## Required work
Line by line, repeat the material below exactly and skip the images.

## Given information
□ □ □ □ □
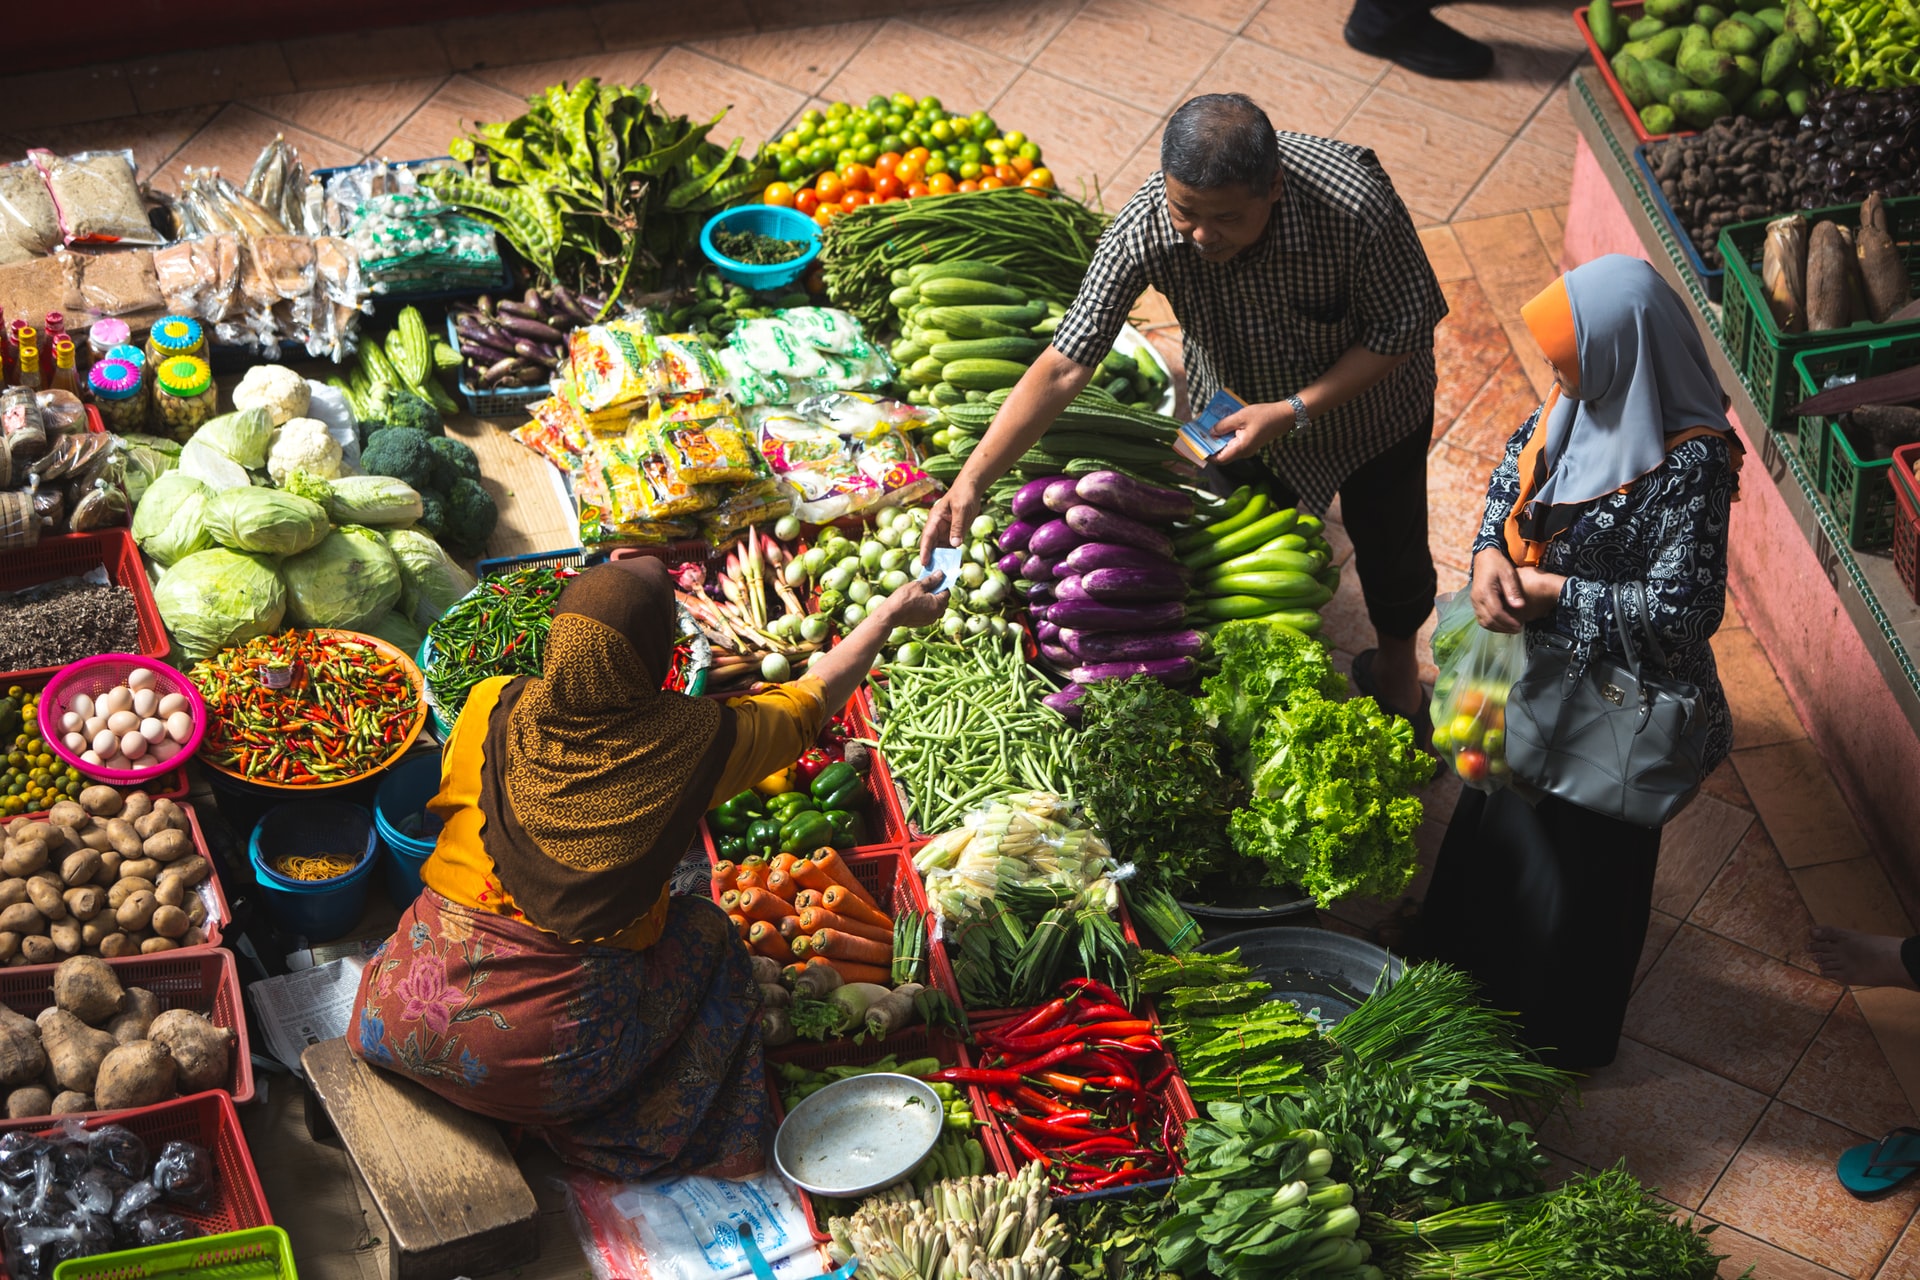 Addressing food insecurity during the COVID-19 pandemic
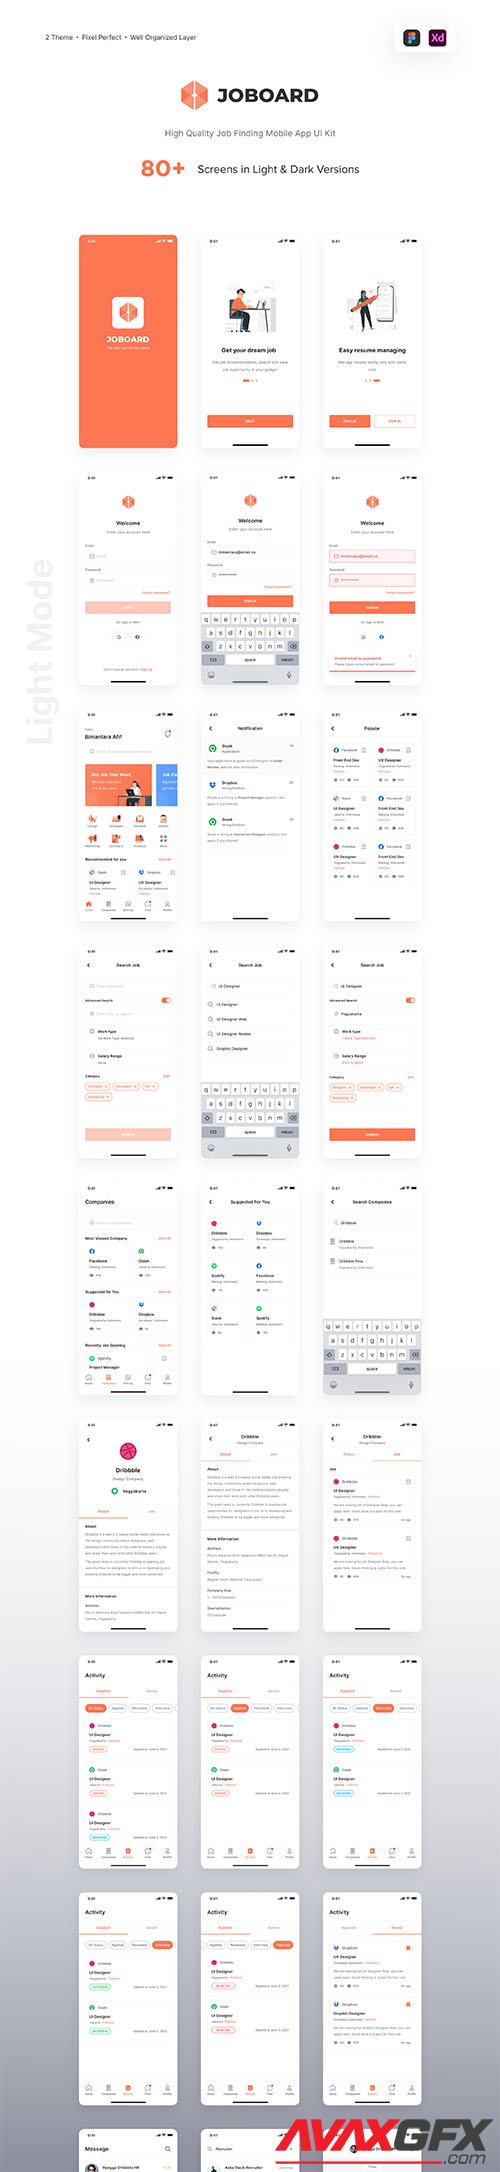 JOBOARD Job Finding & Search for Work UI Kit
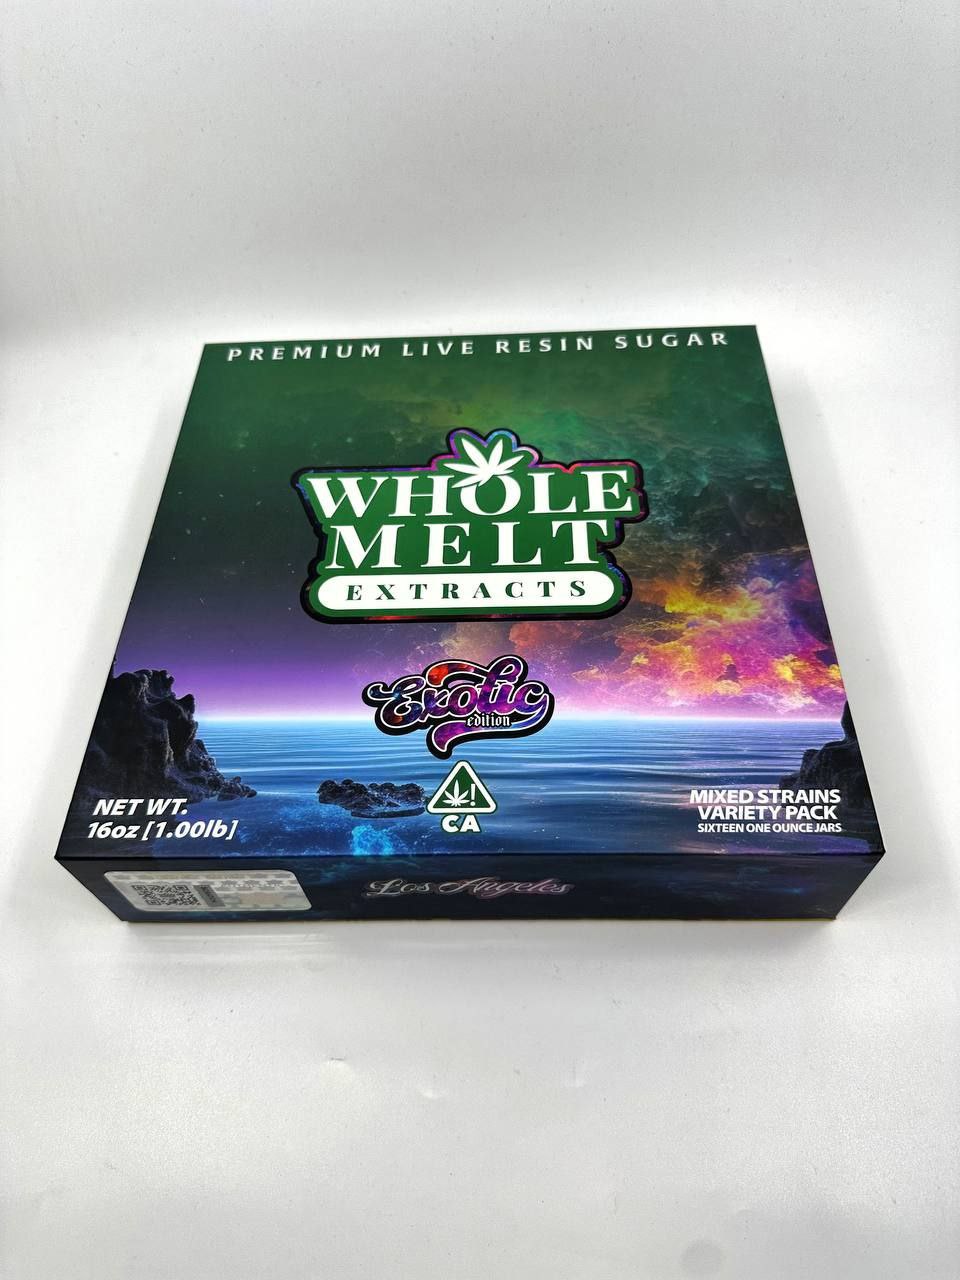 Image of a box for "Import placeholder for 70," featuring live resin sugar. The colorful design on the box includes text and graphics against a vibrant background showcasing a scenic night sky and ocean. The box indicates a net weight of 16 oz and a mix of strains in the variety pack.
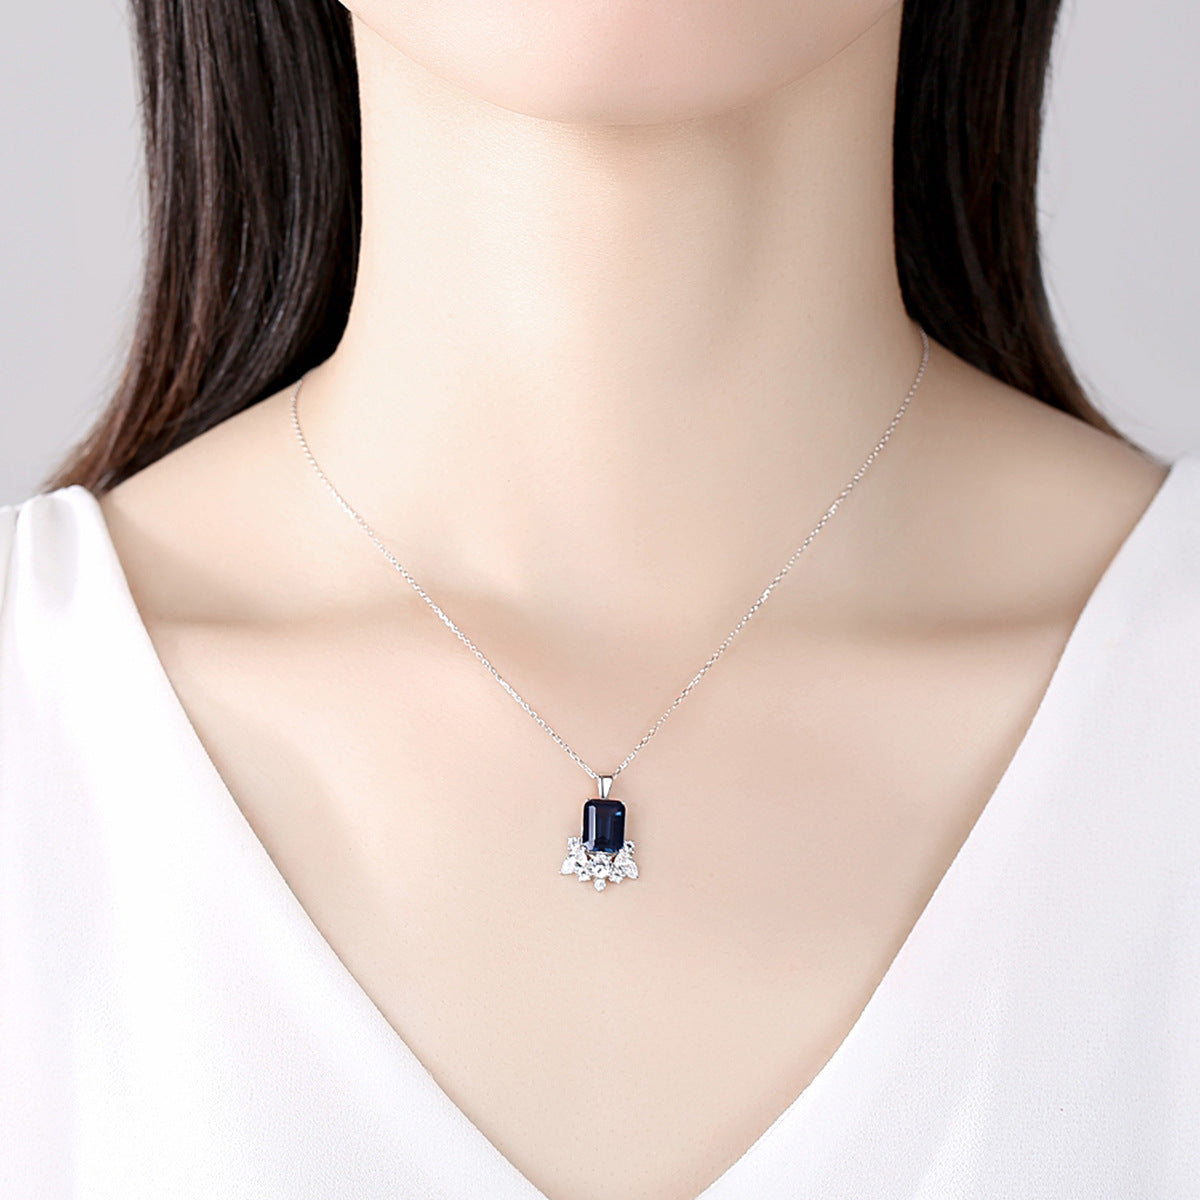 Gemstonely- Trendy and Fashionable: 925 Silver Necklace with Synthetic Gemstone Pendant on Lock Chain
□ □ □ □ □
## Solved problem
 Addressing food insecurity during the COVID-19 pandemic
 JOBOARD Job Finding & Search for Work UI Kit
 Image of a box for "Import placeholder for 70," featuring live resin sugar. The colorful design on the box includes text and graphics against a vibrant background showcasing a scenic night sky and ocean. The box indicates a net weight of 16 oz and a mix of strains in the variety pack.
 Gemstonely- Trendy and Fashionable: 925 Silver Necklace with Synthetic Gemstone Pendant on Lock Chain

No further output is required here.